Work to be completed:
Look below for the line containing "4192 NE 21st". Reproduce it and every line after it exactly, and nothing more.

Data extract:
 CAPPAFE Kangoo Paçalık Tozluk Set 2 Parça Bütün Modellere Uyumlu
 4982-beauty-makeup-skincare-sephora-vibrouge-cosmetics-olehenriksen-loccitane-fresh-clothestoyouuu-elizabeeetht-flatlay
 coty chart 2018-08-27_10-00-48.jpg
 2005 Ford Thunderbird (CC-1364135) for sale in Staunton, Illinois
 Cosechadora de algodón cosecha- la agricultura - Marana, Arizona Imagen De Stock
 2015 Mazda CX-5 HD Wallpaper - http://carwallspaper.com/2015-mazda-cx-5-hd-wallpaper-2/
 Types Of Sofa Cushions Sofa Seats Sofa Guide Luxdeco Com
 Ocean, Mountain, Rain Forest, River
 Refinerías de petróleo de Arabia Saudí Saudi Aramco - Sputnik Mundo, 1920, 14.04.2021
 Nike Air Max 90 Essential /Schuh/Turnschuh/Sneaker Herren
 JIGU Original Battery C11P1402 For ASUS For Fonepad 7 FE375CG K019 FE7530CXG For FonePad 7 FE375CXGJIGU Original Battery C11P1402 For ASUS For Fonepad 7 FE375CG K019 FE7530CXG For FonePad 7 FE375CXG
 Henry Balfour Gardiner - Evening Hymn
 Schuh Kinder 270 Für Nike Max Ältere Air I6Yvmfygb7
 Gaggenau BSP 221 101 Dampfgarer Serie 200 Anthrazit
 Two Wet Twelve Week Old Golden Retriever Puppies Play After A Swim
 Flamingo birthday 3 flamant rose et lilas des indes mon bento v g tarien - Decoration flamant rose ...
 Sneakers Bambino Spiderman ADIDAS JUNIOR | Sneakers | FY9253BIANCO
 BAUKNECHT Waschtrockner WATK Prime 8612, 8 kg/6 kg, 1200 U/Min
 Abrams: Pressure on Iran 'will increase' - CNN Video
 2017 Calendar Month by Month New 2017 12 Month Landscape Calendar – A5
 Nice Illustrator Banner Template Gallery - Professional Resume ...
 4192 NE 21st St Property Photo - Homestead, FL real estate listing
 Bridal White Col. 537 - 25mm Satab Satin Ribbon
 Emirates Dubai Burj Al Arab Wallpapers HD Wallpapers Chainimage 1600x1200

Your response:
 4192 NE 21st St Property Photo - Homestead, FL real estate listing
 Bridal White Col. 537 - 25mm Satab Satin Ribbon
 Emirates Dubai Burj Al Arab Wallpapers HD Wallpapers Chainimage 1600x1200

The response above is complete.